The growing and violent tobacco black market
The Herald reports:
Police need to record the number of robberies in which tobacco is taken, the Act Party says.
The call comes after a Christchurch dairy was on the weekend robbed for the eighth time in seven months.
Three people entered the Night ‘n Day in Woolston about 2.30am on Sunday. One of two staff members was pinned down with a handgun held against her head.
No one was injured, with the offenders taking cash and cigarettes.
In October Police said the black market for tobacco was fuelling dairy robberies, and there have been similar concerns in other areas of the country.
This is a good lesson in unforeseen consequences. There is little doubt that increasing the excise tax on tobacco has been an effective way to reduce smoking rates. But there comes a level at which the tax levels become so high, that people are incentivised to buy on the black market. We saw this with alcohol prohibition.
So what we have are more and more robberies of dairies, to steal cigarettes. And more and more people buying their cigarettes through the black market, rather than legally.

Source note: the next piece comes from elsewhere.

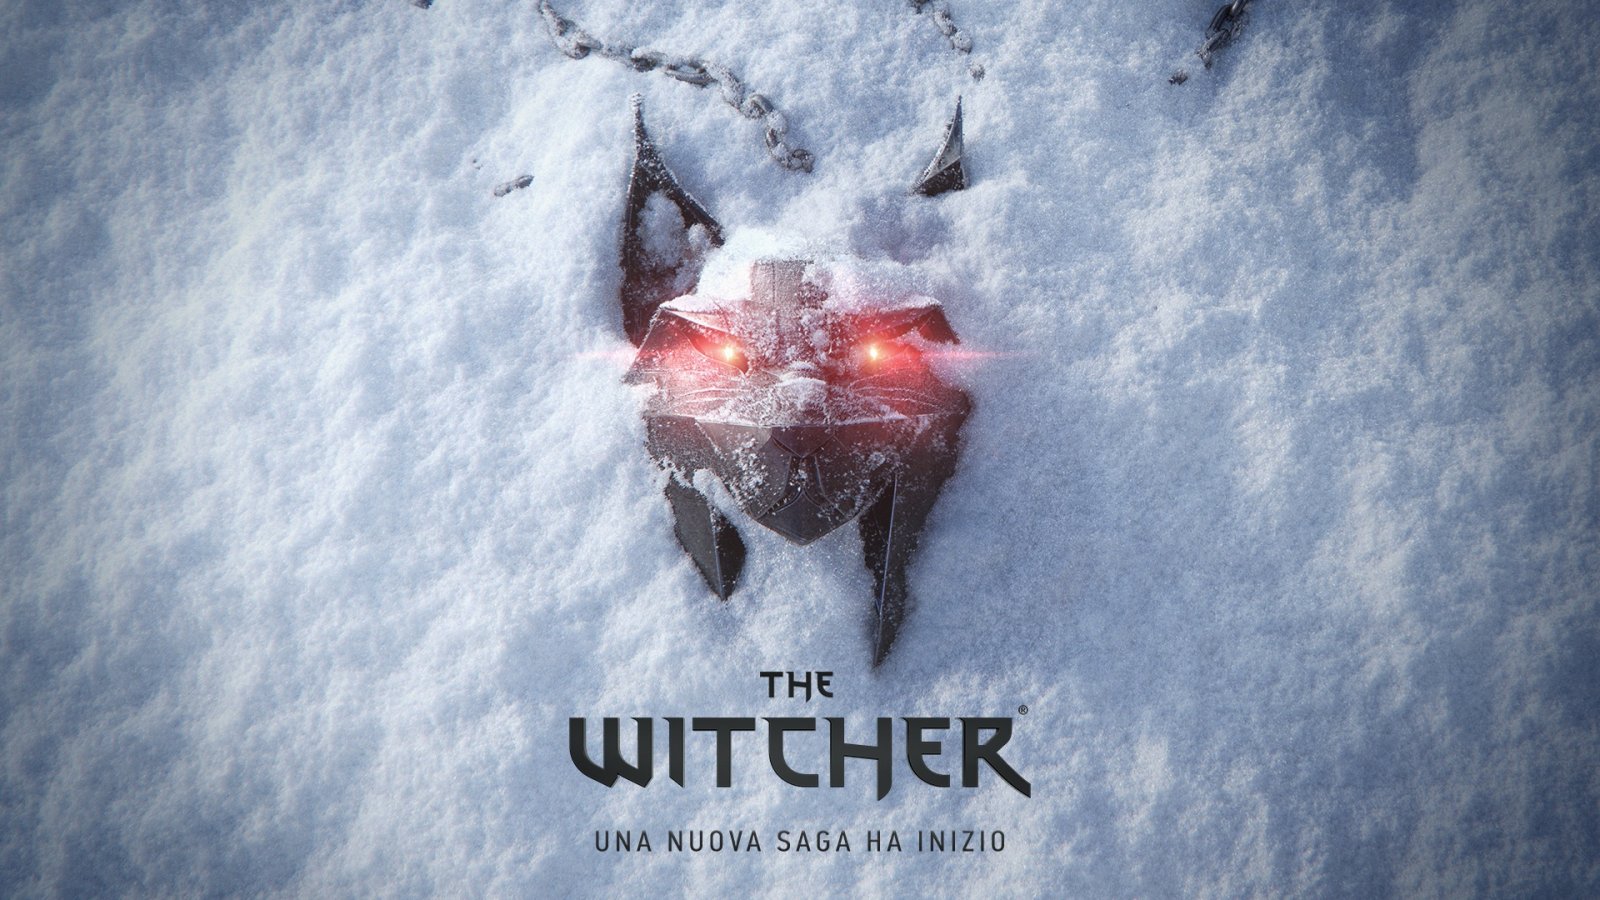 The Witcher Polaris: lo sviluppo aumenta di ritmo, CD Projekt RED svela come sono allocati i team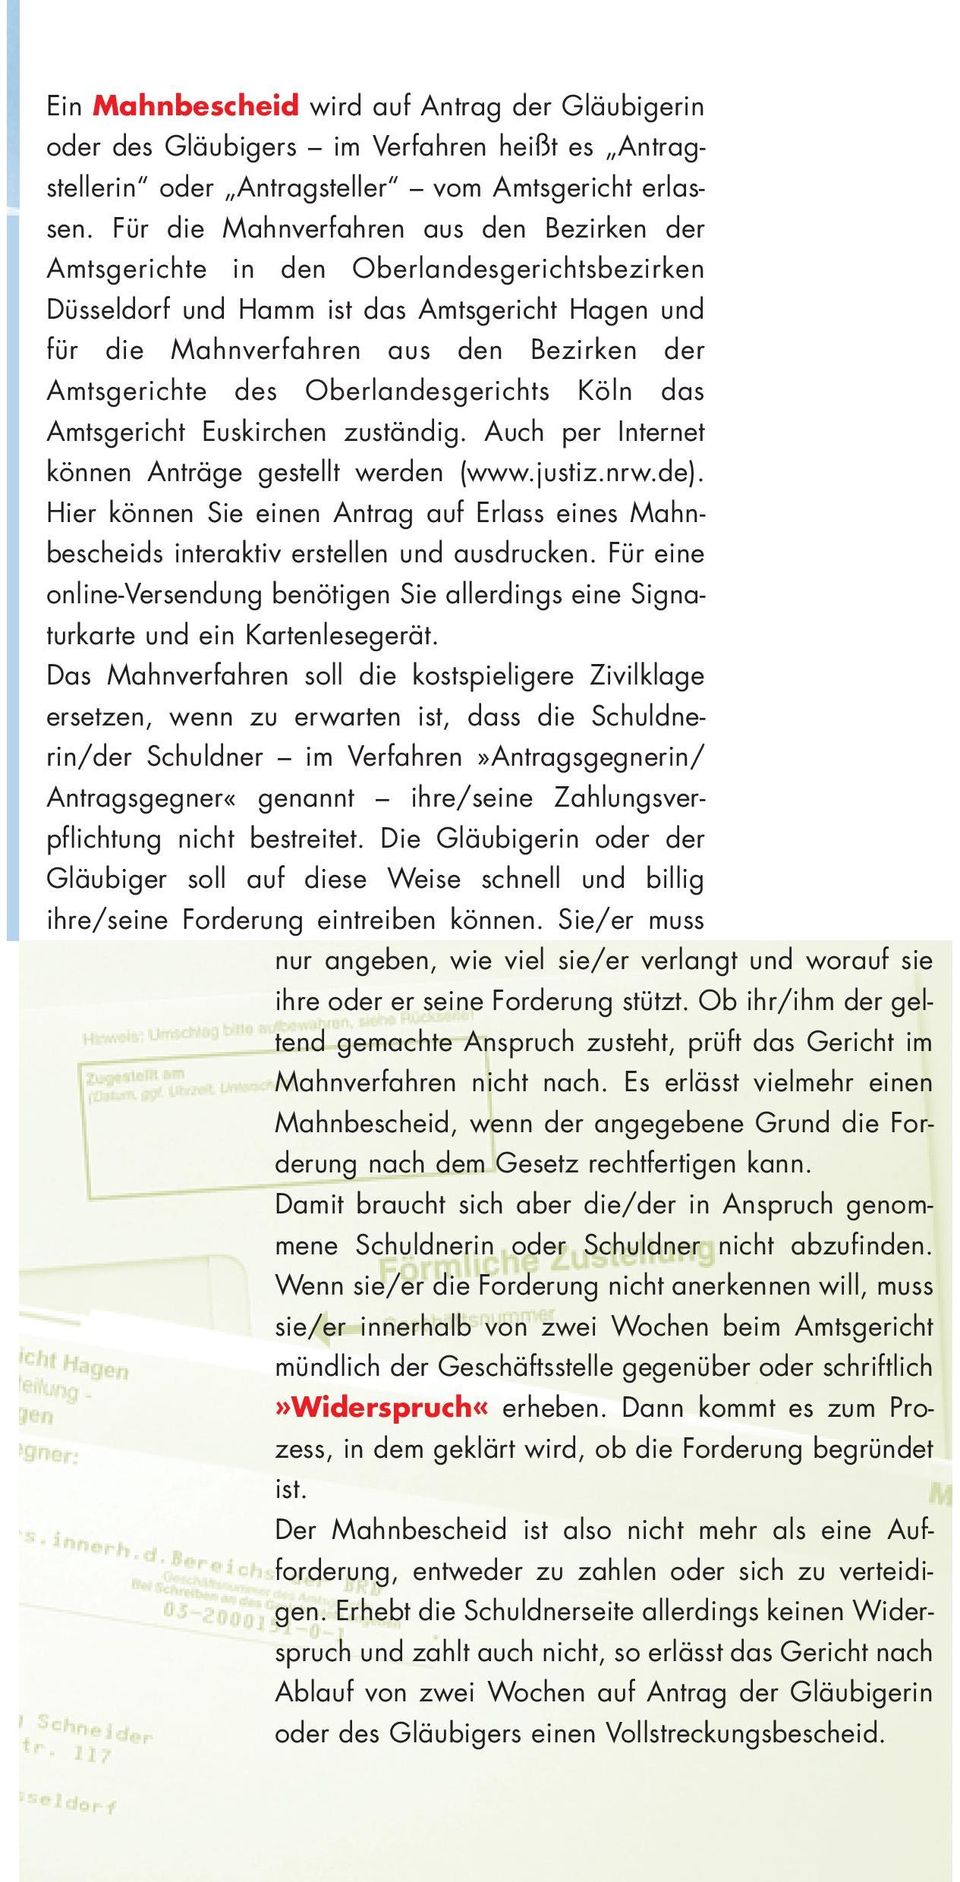 des Oberlandes gerichts Köln das Amtsgericht Euskirchen zuständig. Auch per Internet können Anträge gestellt werden (www.justiz.nrw.de).

Act leader David Seymour said today he had recently requested from Police information on the number of tobacco-related burglaries.
That request was declined, with police informing Seymour that crime statistics did not distinguish whether tobacco products were taken in burglaries or robberies.
“Tobacco taxes have more than doubled in the past five years and there are, sometimes violent, robberies of the now $300 bricks of cigarettes happening every other day.
“It is extraordinary that the police are not recording whether tobacco was a factor in a robbery.”
The Police database should be able to do this.